48. Bölüm

Felix felicis

Vindamiatrix black
vindamiatrix

••
zindan sınıfına indim. Koridora vardığımda sadece bir düzine insanın F.Y.B.S seviyesine devam ediyor olduklarını gördüm. Yaklaşırken Adrian ve Draco'ya, "Nasılsınız?" dedim hafif bir gülümsemeyle.

Draco kolunu belime sardı , "Oldukça iyi." diye cevap verdi. Harry nin bizi gördüğüne emindim yan tarafıma baktığımda ronald gözlerini devirip, başını başka yöne çevirdi.

zindanın kapısı açıldı Slughorn'un karnı onun önünden geldi. Odaya geçerken, onun büyük samur bıyığı gülümseyen ağzının üstünden kıvrılmıştı, ve Harry, ben ,Blaise ve mclaggen'i özel bir ilgiyle selamladı. Zindan hiç alışılmadık bir şekilde, tamamıyla buhar ve tuhaf kokularla doluydu.
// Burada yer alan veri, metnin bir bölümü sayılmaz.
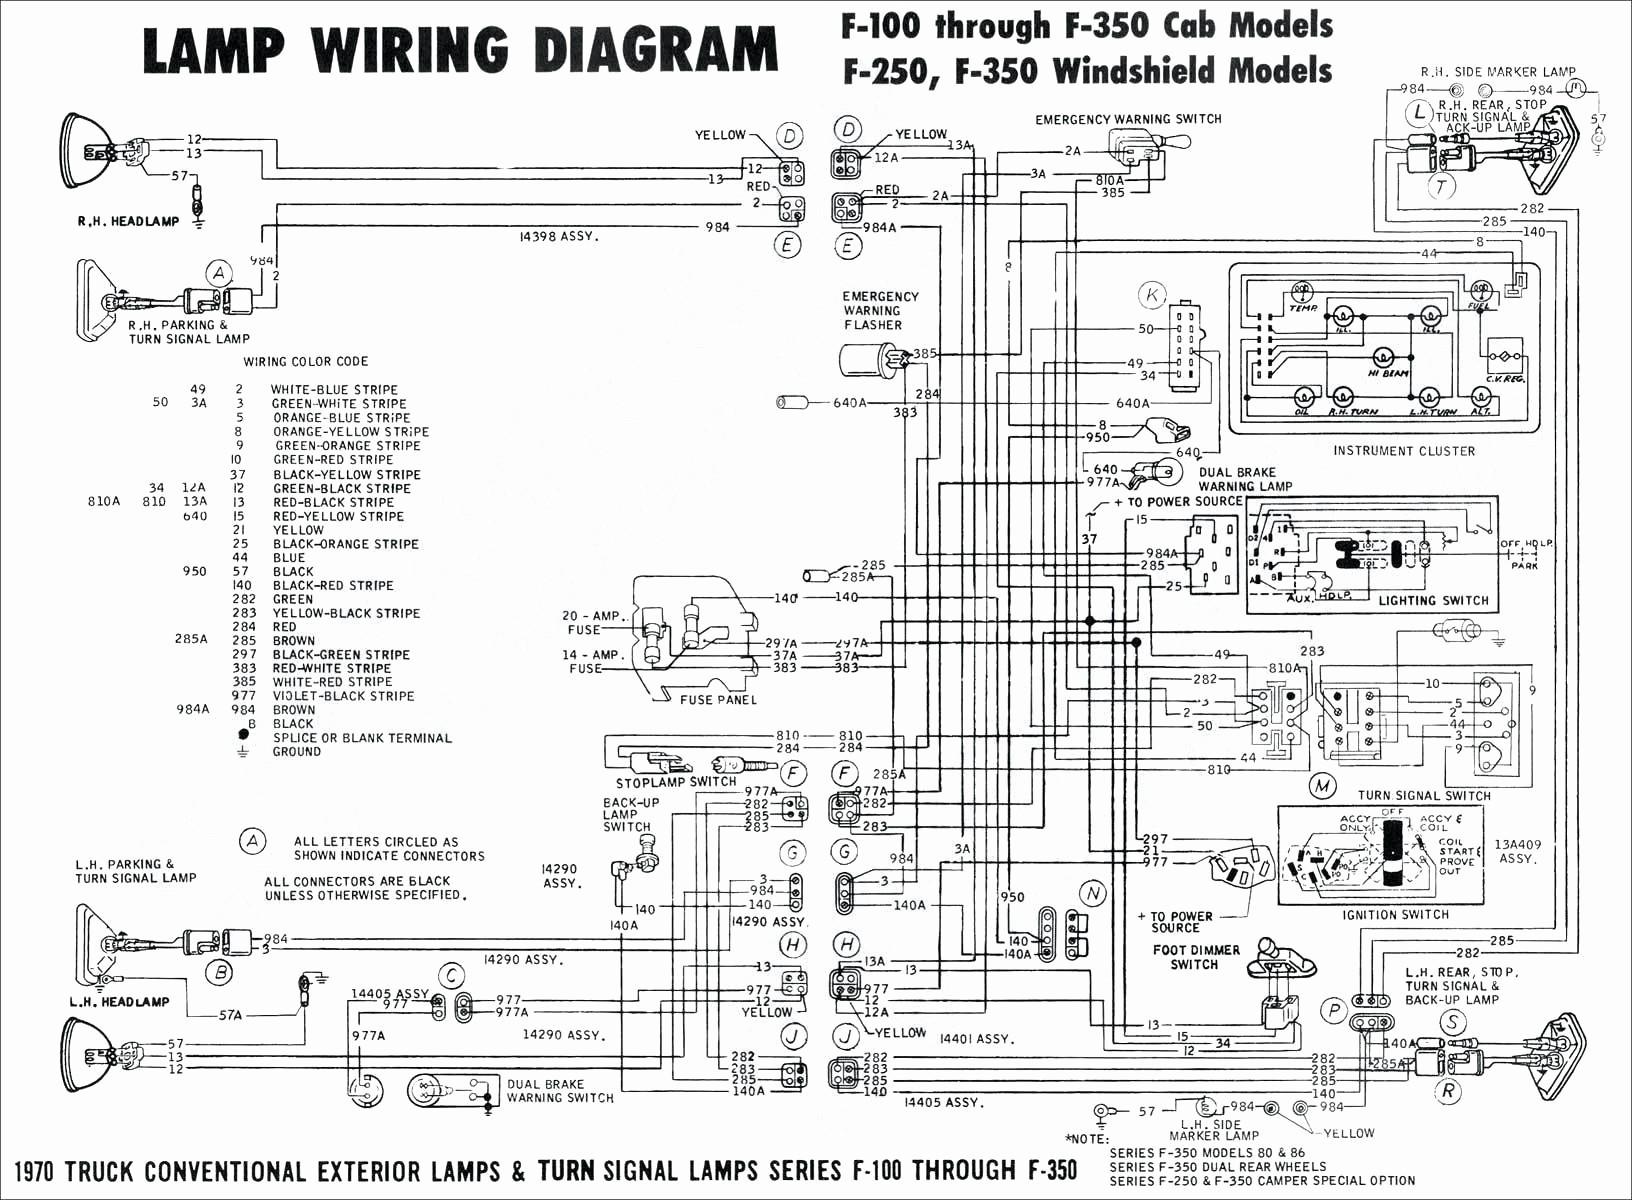 E46 Wiring Diagram Pdf

Ben ve Draco geniş, fokurdayan kazanların yanından geçerken ilgiyle havayı kokladık. Dört Ravenclaw'lı bir tarafa oturdu. Harry, Ron ve Hermione de Ernie ile bir masayı paylaştılar. Bende hızla Blaise ve Draco'nun arasına kendimi attım.

Şimdiye kadar içime çektiğim en ayartıcı kokuyu yayan altın rengine benzeyen kazana bir bakış attım. Her nasılsa bu aynı anda Quiddicth ekipmanı, taze kesilmiş parşömen kokusu ve okyanus kokusunu anımsatıyordu. Kendimi çok yavaş ve derinden nefes alırken buldum.

"Pişt!" diyen bir ses duydum. Gözlerimi çevirip bana seslenen Harry'e döndüm. Yan masada ki Harry'e, "Ne var, Potter?" diye fısıldadım. "Bütün parfümünü odaya mı sıktın?" dediğinde içimde olmaması gereken bir sevinç patlaması oldu; Amortentia'dan benim kokumu almıştı.

"Her taraf zambak kokuyor." Ona ters bir bakış attım Slughorn bizi bölüp, "Buraya bakın, buraya bakın, buraya bakın," dedi kocaman profili parlak dumanların arasından titrerken.

"Hepiniz tartılarınızı çıkarın, ve iksir takımlarını, ve İleri Seviye İksir Yapımı kitaplarınızı da unutmayın..." Eşyalarımı çıkardığım sıra, "Efendim?" dedi Harry, elini kaldırarak. "Harry, evet çocuğum?" dedi Slughorn. "Kitabım, tartım veya herhangi başka bir şeyim yok, ve Ron'un da, biz F.Y.B.S seviyesini alabileceğimizi düşünmemiştik de, görüyorsunuz." dedi Harry. "Ah, evet, Profesör McGonagall bahsetmişti..." dedi Slughorn.

"Endişe etme çocuğum, hiçbir şey için endişe etme. Bugün karışım malzemelerini stok dolabımızdan kullanabilirsiniz ve sanırım birkaç tane tartı ödünç verebiliriz ve burada eski kitapların bulunduğu küçük bir depomuz var, Flourish ve Blotts'tan bir tane sipariş edene kadar onları kullanabilirsiniz." Slughorn uzun adımlarla köşedeki dolaba gitti ve kısa bir oyalanmadan sonra, Libatius Borage'nin yazmış olduğu İleri Seviye İksir Yapımı kitabının yıpranmış görünümlü iki kopyasıyla belirdi ve bunları, iki kararmış tartı setiyle birlikte Harry ve Ron'a verdi.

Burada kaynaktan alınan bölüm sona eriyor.